#### [Recorded information]

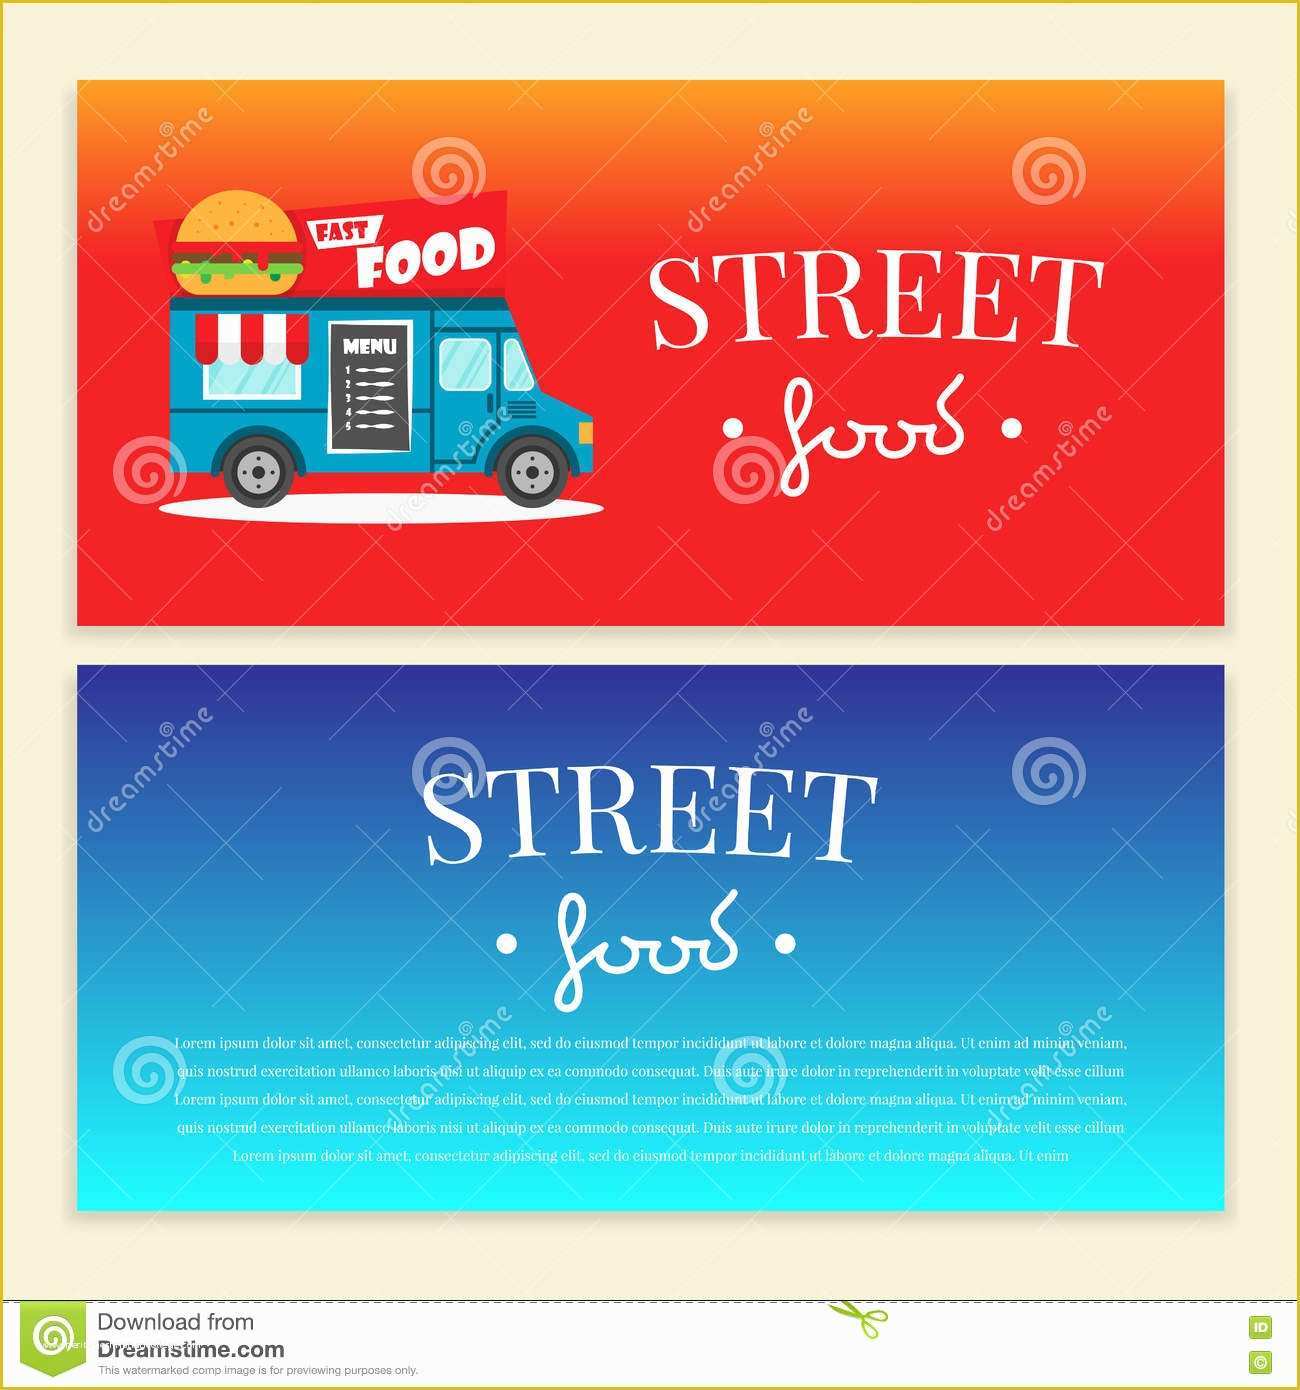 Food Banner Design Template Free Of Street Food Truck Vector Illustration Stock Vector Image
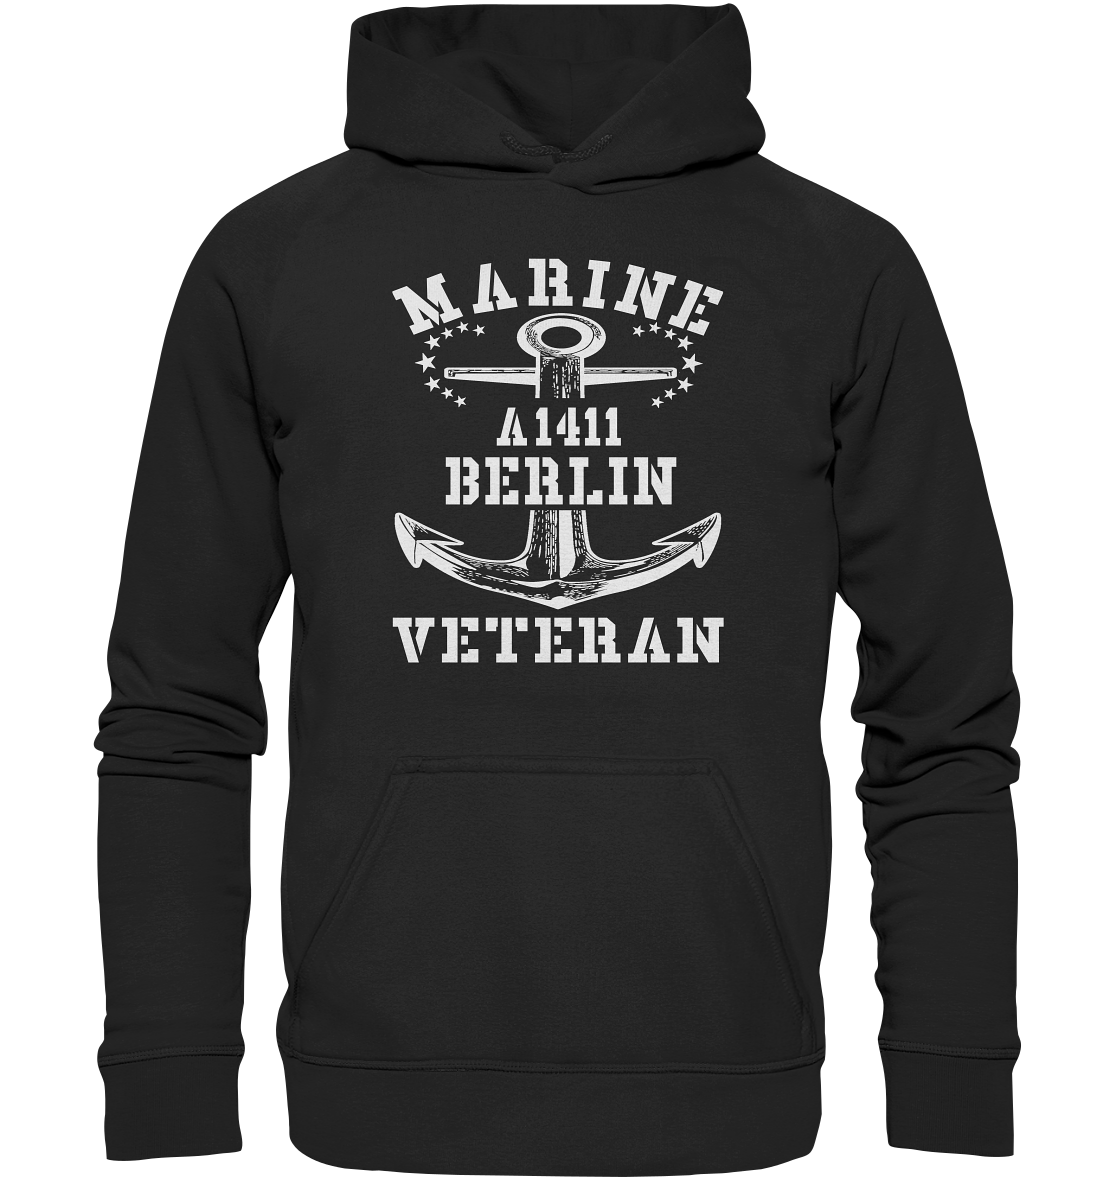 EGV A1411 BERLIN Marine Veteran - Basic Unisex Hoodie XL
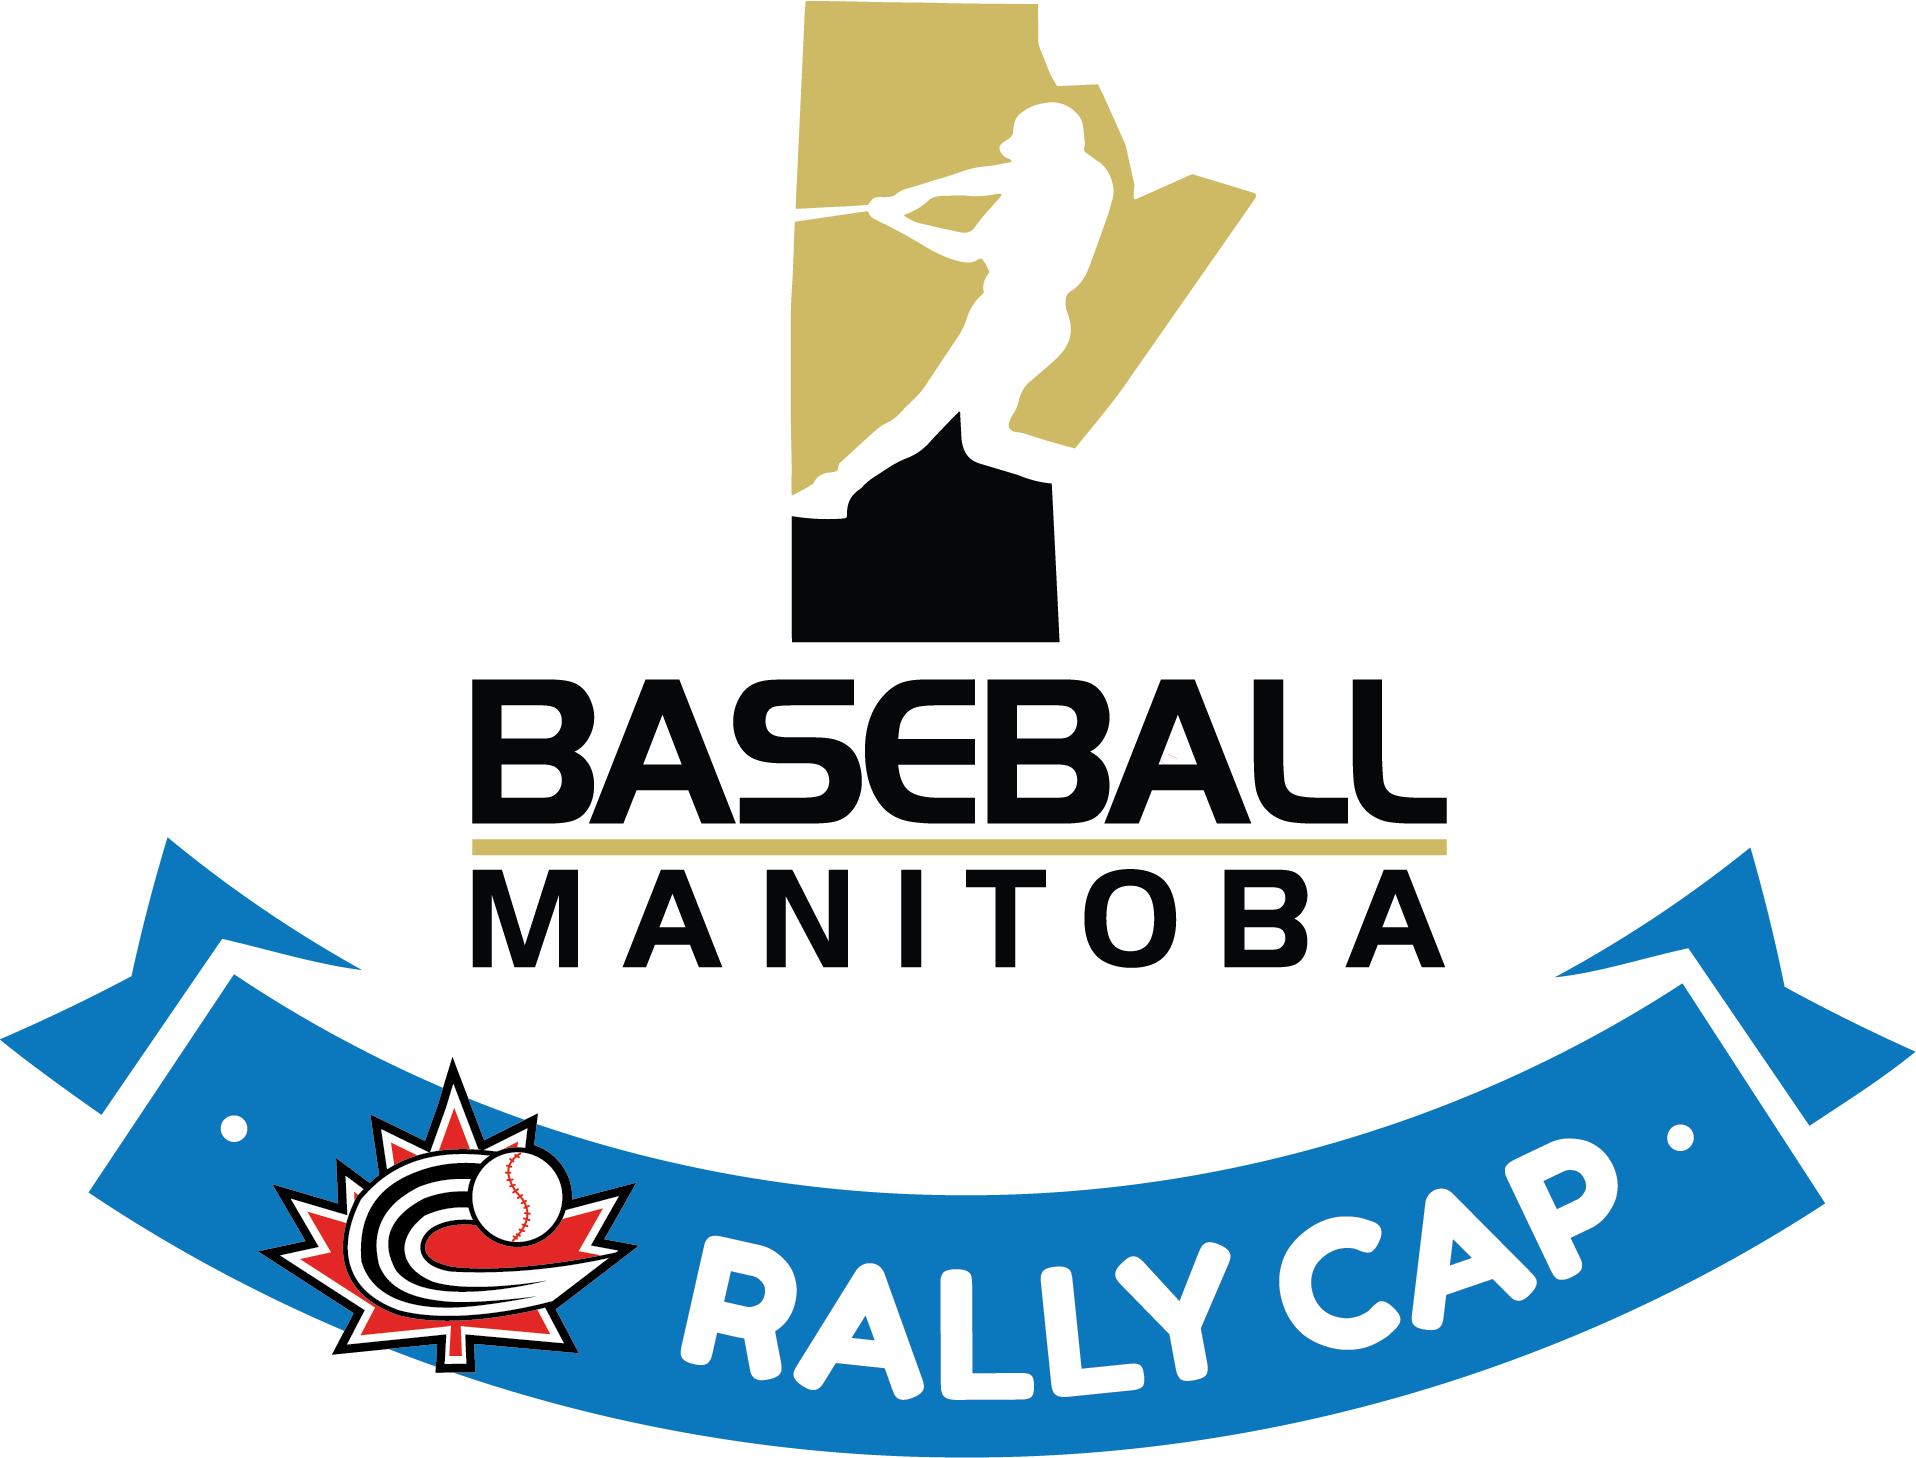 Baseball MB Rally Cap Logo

#### [About this task]
Please reproduce, exactly and only, the lines from the line containing "EGV A1411 BERLIN" through the last line of the material above, minus any pictures.

#### [Final answer]
 EGV A1411 BERLIN Marine Veteran - Basic Unisex Hoodie XL
 Baseball MB Rally Cap Logo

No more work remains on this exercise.